## DIRECTIONS
Which lines run from the one with "Women Body Shaping" through the end of the data? Retype them exactly, without pictures.

## COLLECTED DATA
--
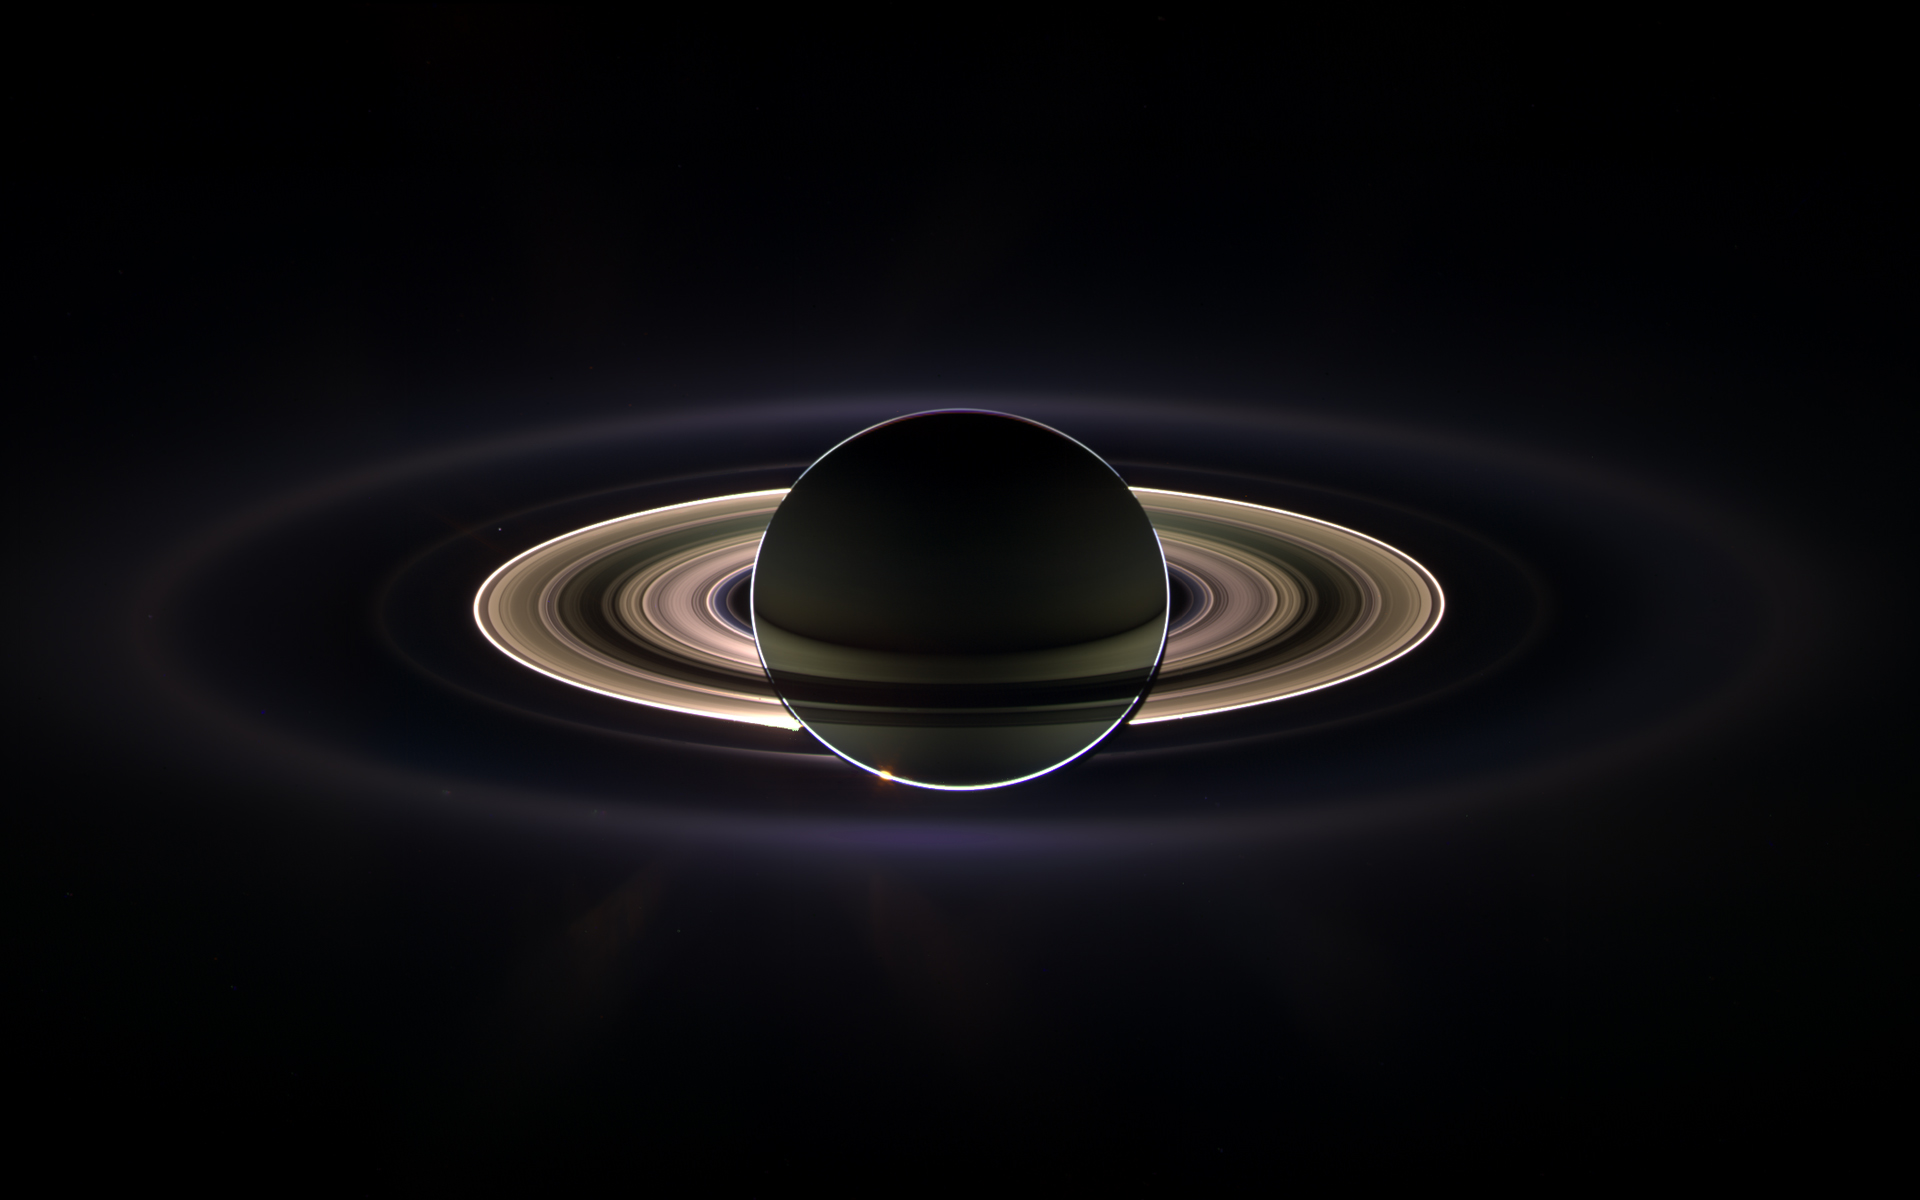 космическое пространство, Сатурн - обои на рабочий стол
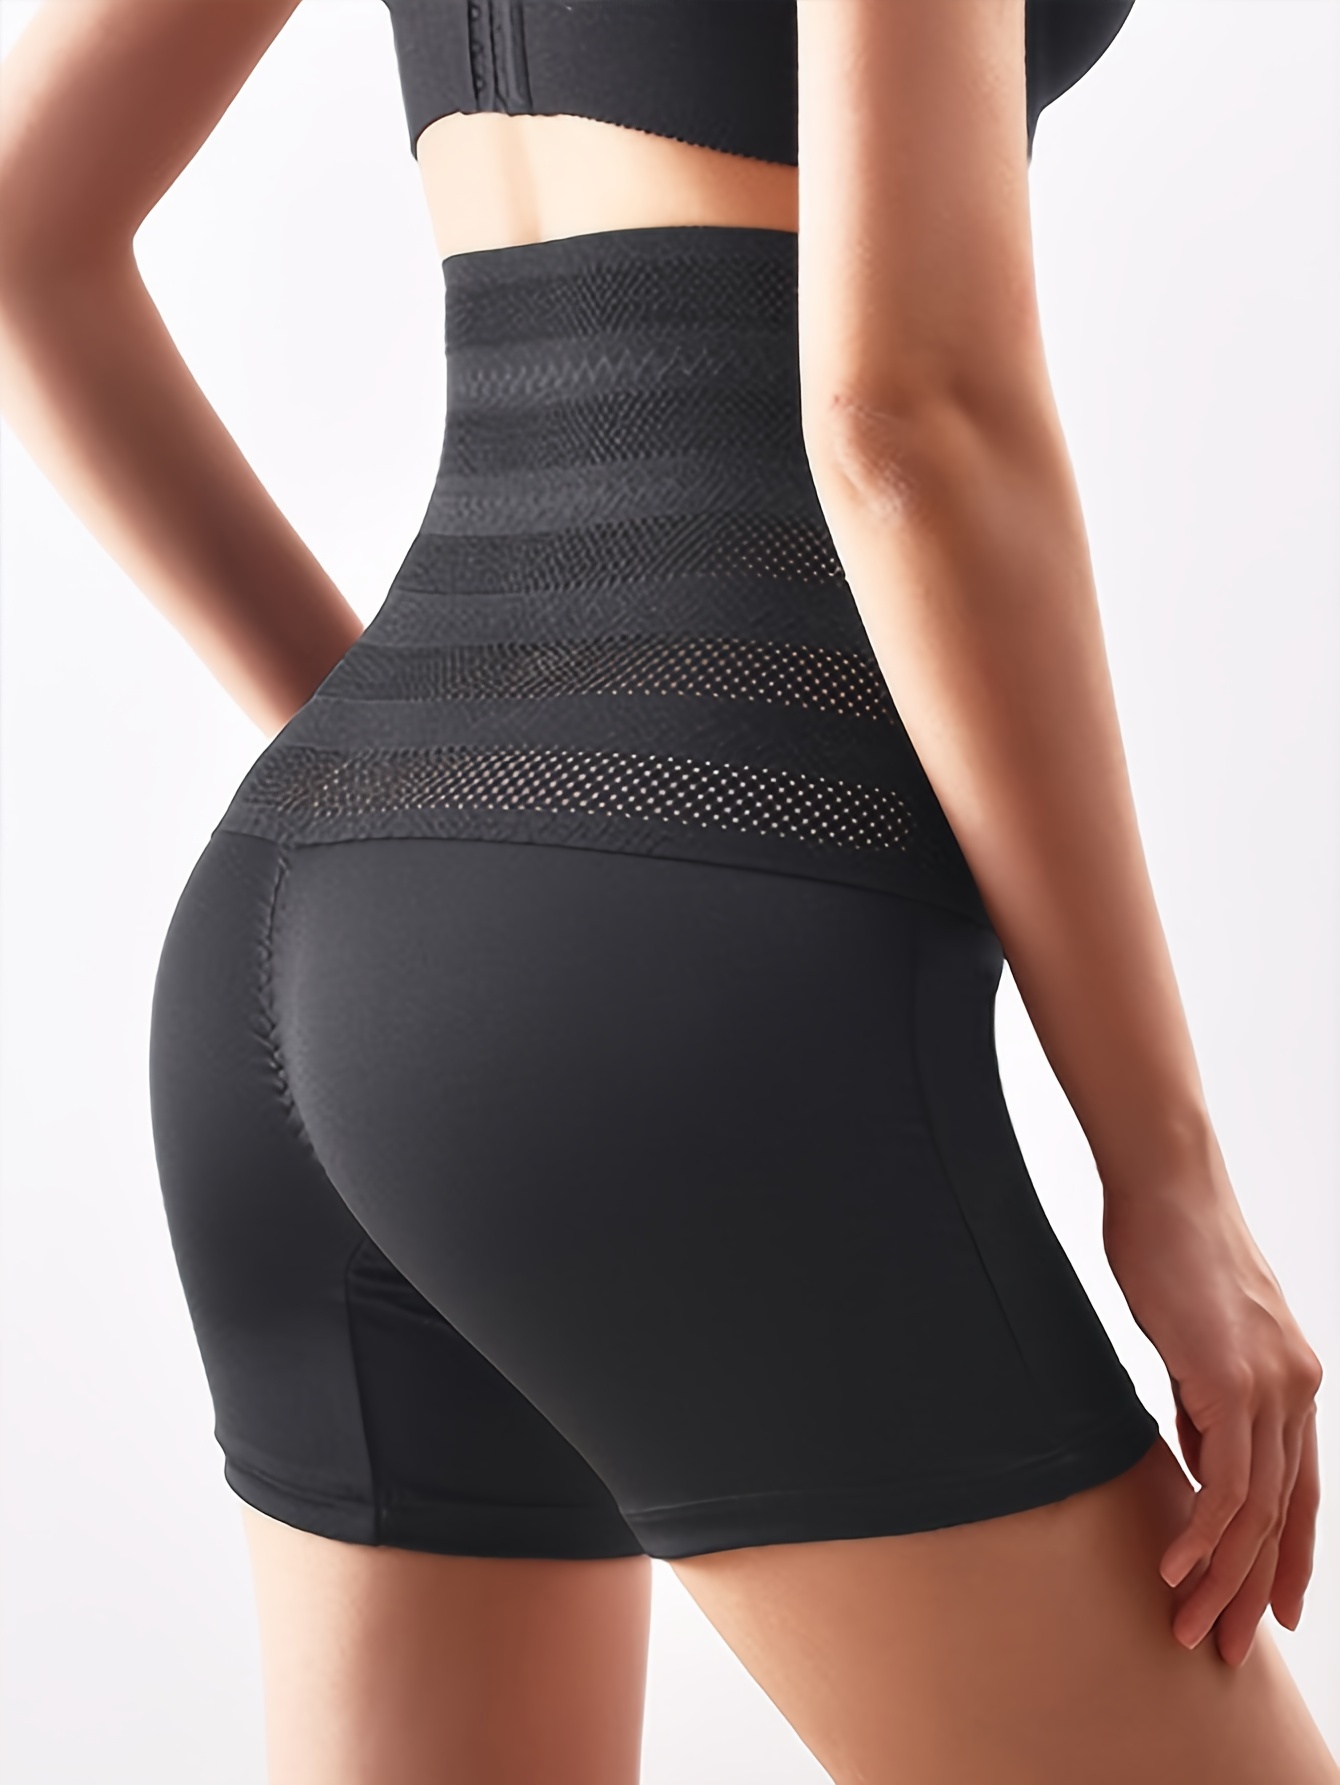 Women Body Shaping Underwear High Waist Butt Lift Panties Tight
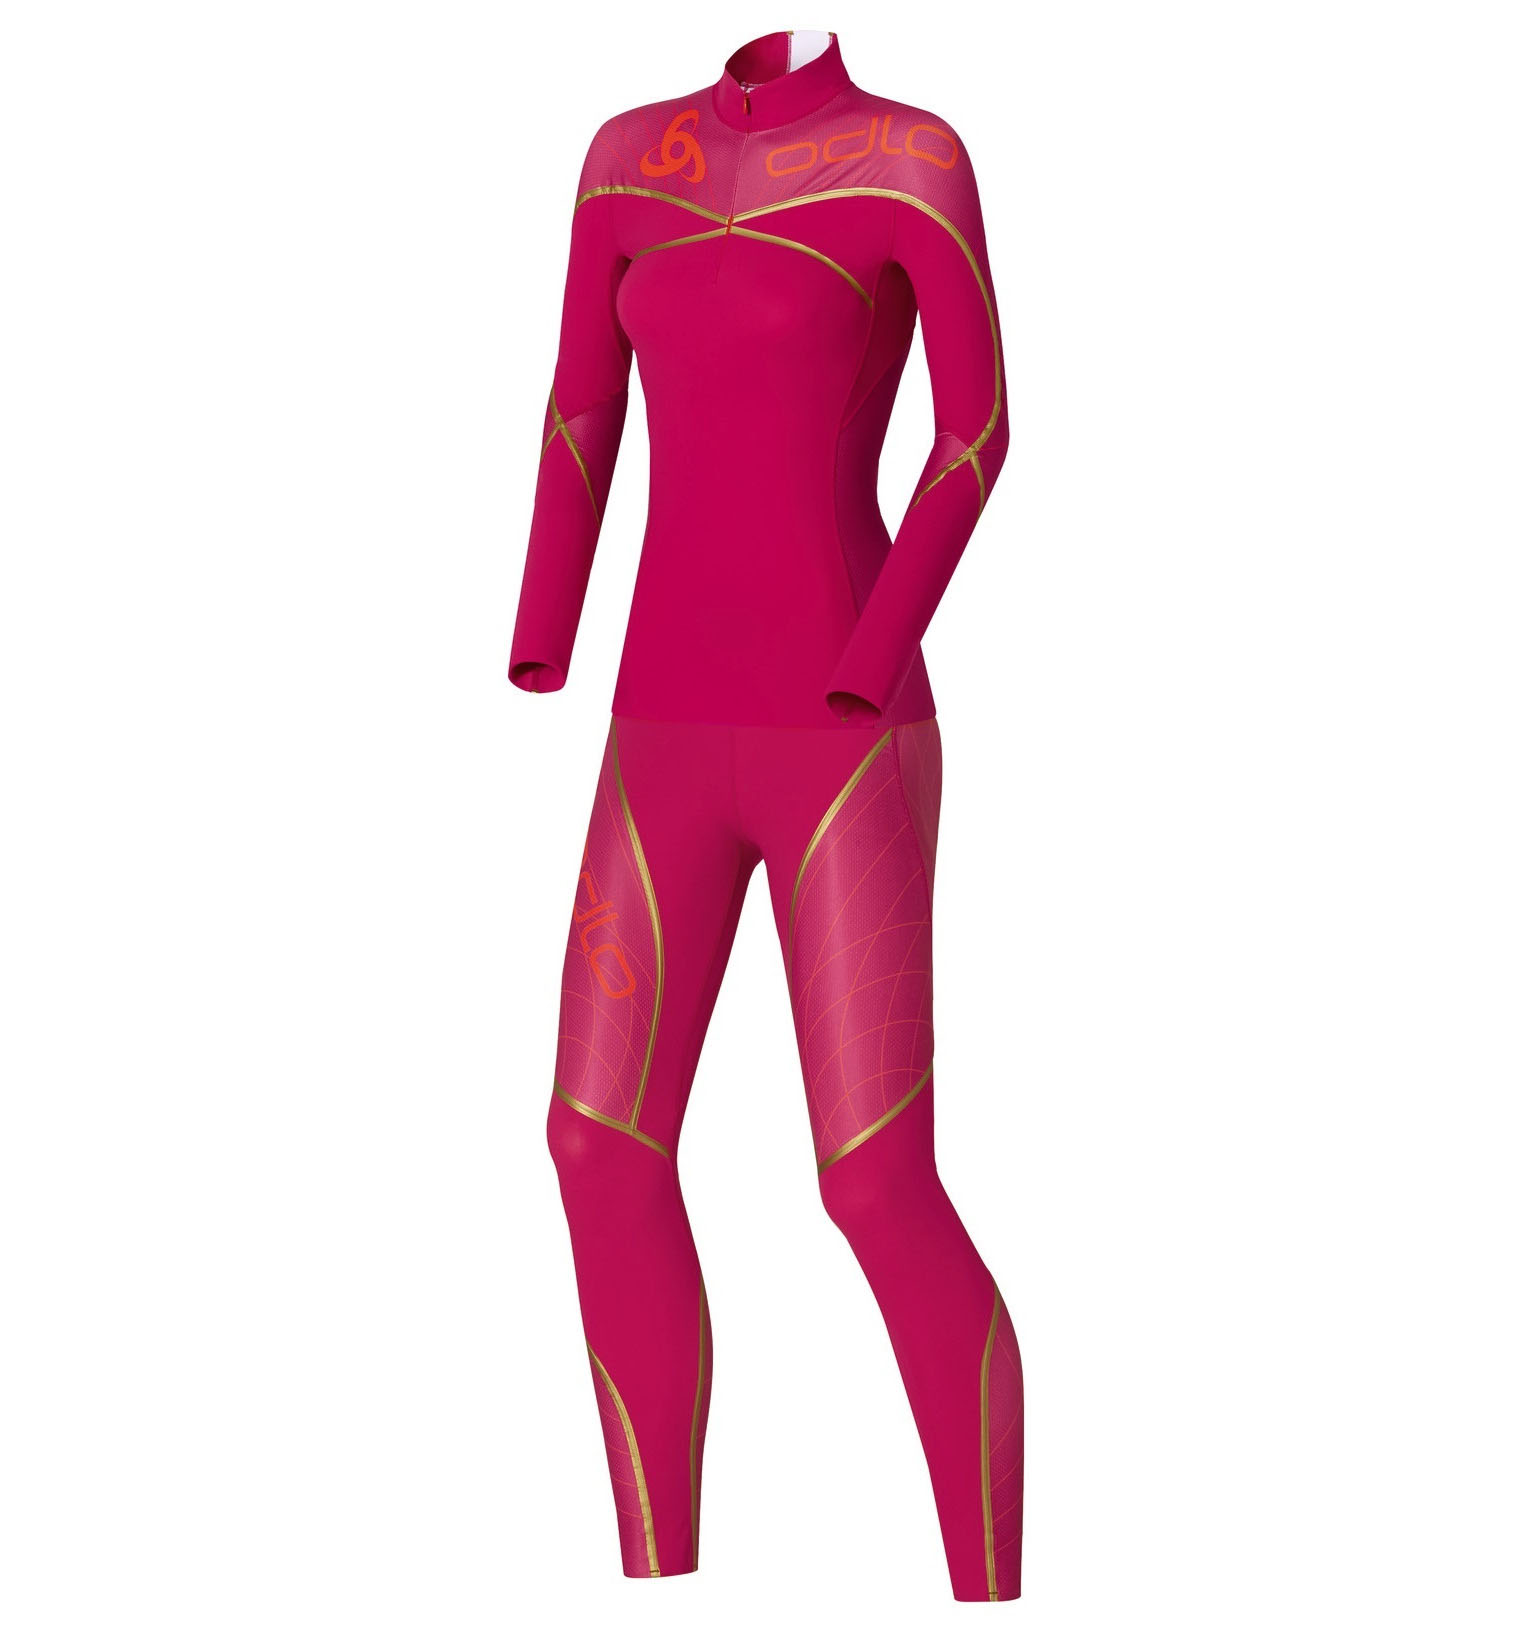 ODLO Гоночный комбинезон AEROFLOW женский, артикул 630141, цвет розовый, характеристики, фото
--
## EXERCISE OUTPUT
 Women Body Shaping Underwear High Waist Butt Lift Panties Tight
 ODLO Гоночный комбинезон AEROFLOW женский, артикул 630141, цвет розовый, характеристики, фото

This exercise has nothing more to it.